▶ **Task details**:
From the data underneath, reproduce exactly the stretch that begins at the line with "A breathtaking platinum" and ends after the line with "Floral Sketch Silhouette".

▶ **Data records**:
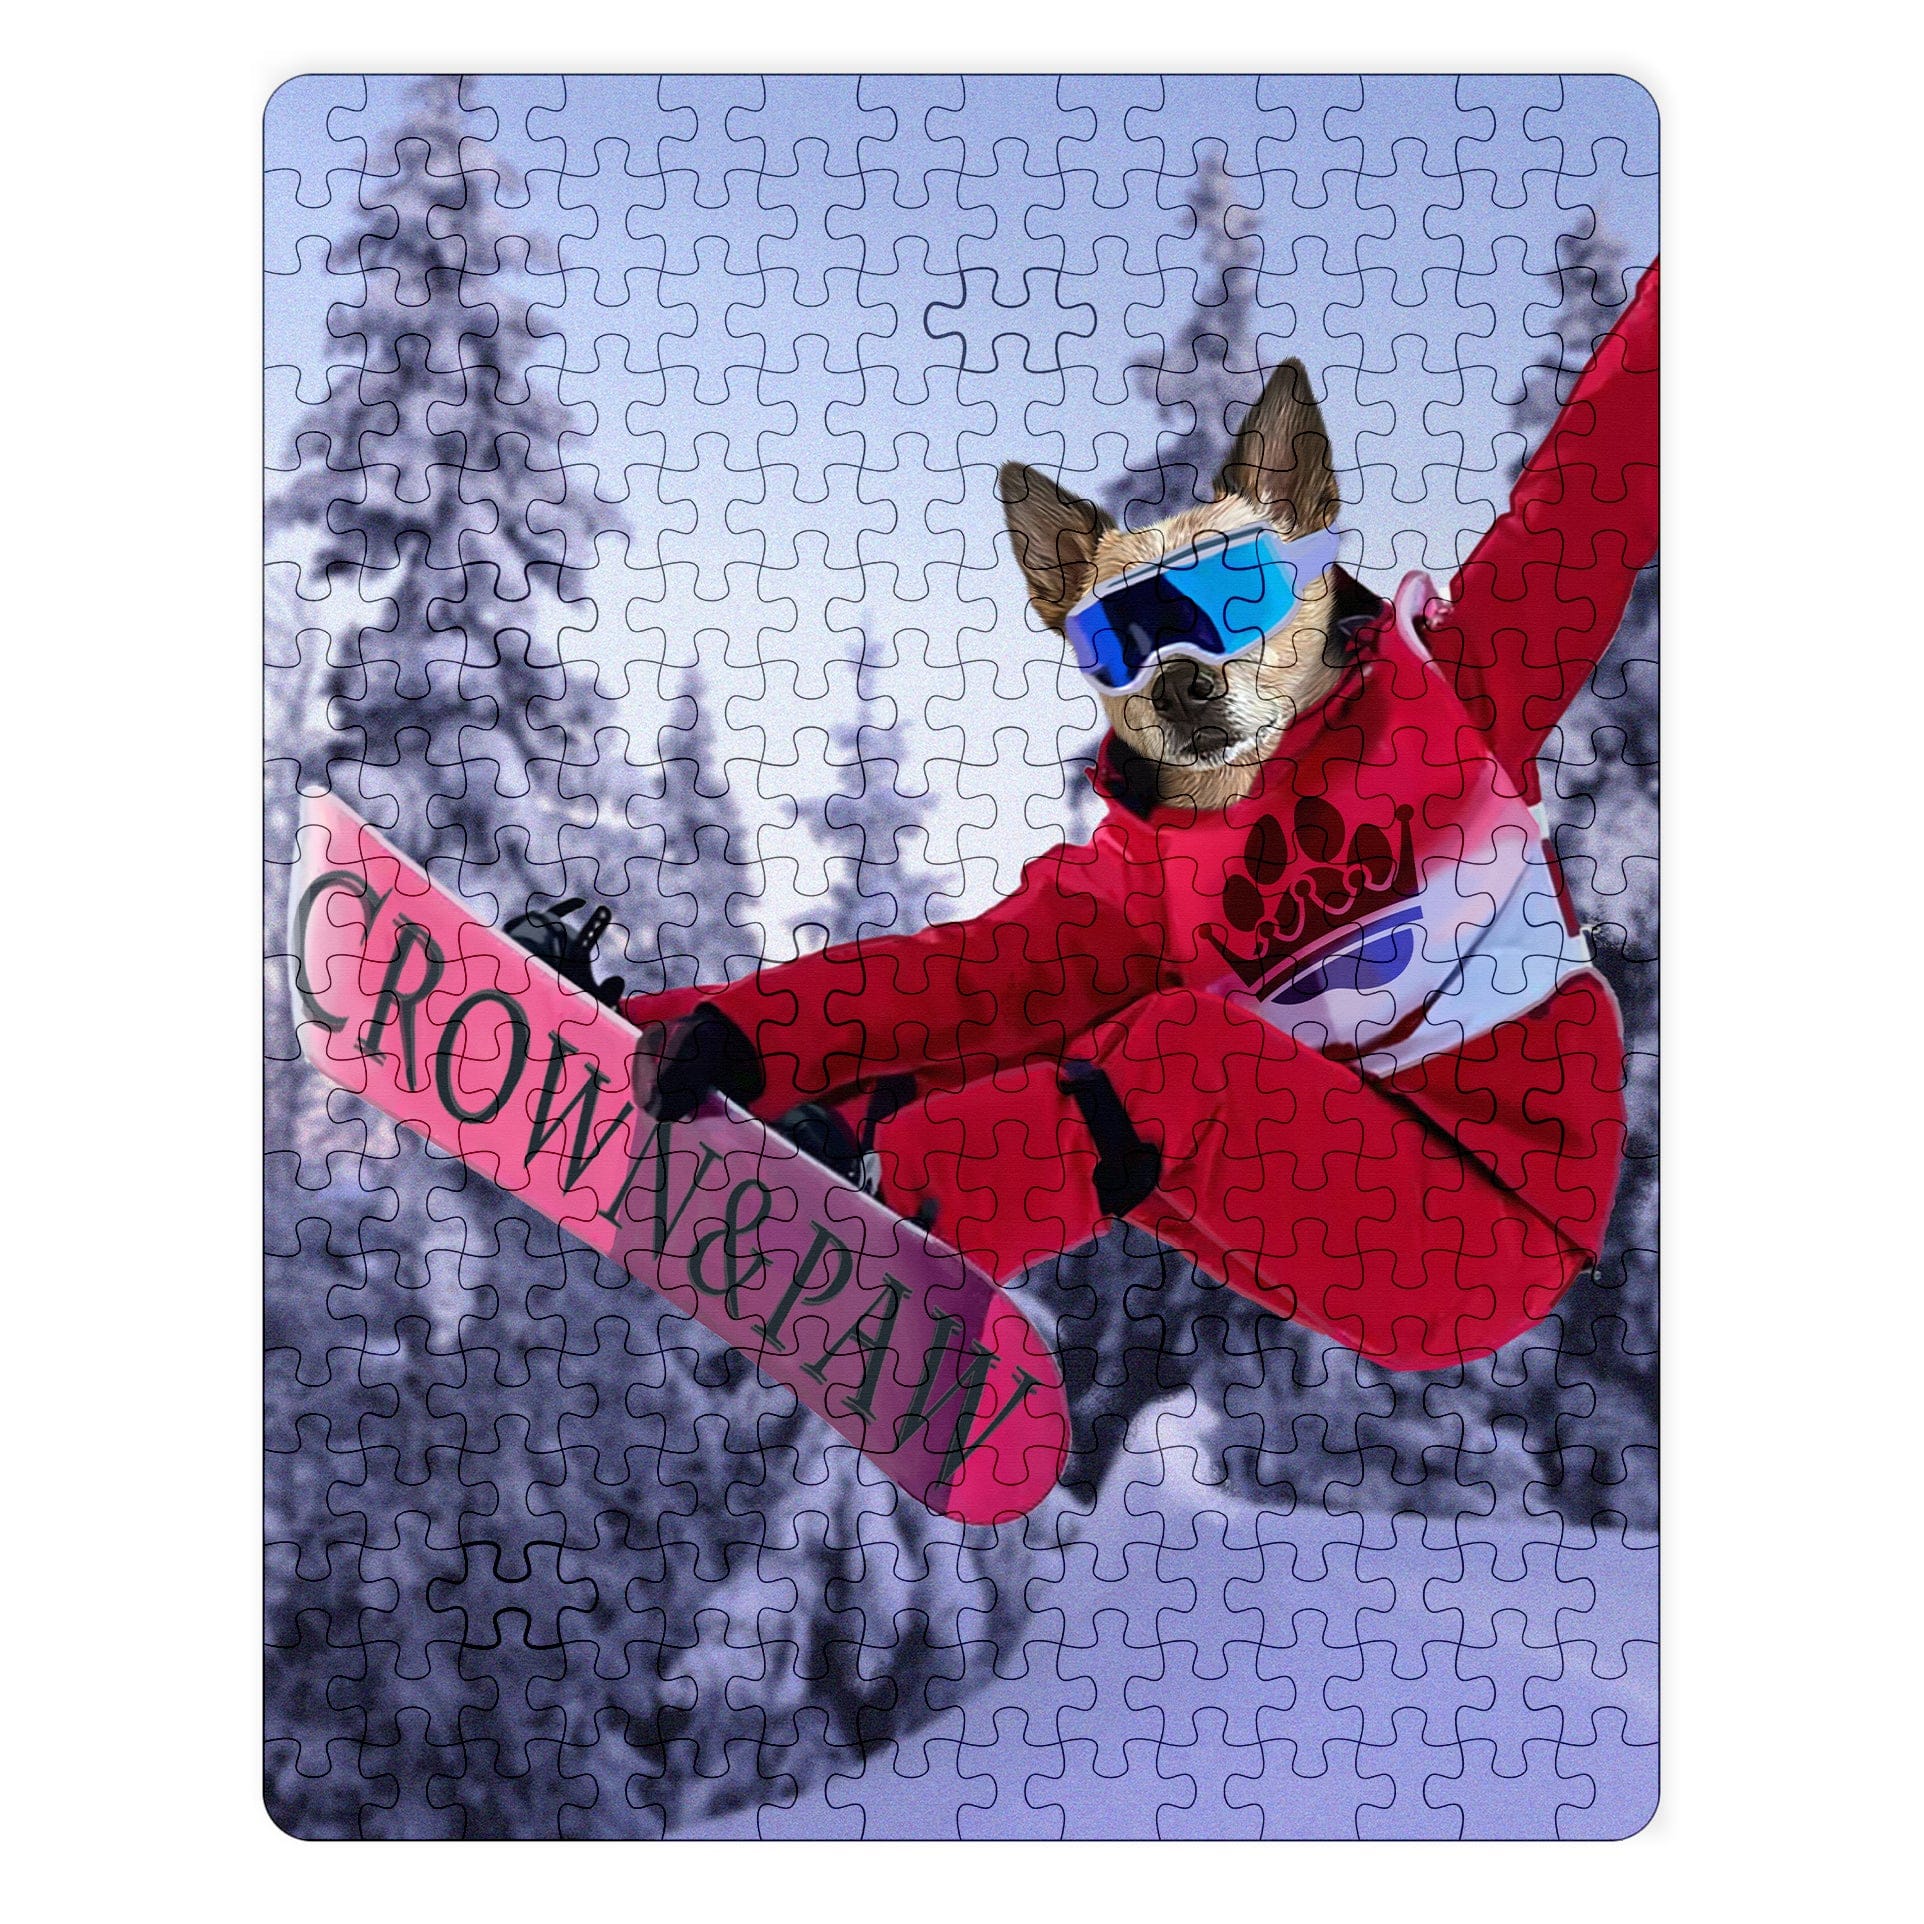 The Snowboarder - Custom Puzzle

...

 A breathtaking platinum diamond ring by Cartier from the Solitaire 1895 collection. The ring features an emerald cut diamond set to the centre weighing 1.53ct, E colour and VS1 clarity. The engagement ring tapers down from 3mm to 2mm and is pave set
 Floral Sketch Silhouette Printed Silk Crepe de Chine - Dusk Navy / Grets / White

▶ **Answer below**:
 A breathtaking platinum diamond ring by Cartier from the Solitaire 1895 collection. The ring features an emerald cut diamond set to the centre weighing 1.53ct, E colour and VS1 clarity. The engagement ring tapers down from 3mm to 2mm and is pave set
 Floral Sketch Silhouette Printed Silk Crepe de Chine - Dusk Navy / Grets / White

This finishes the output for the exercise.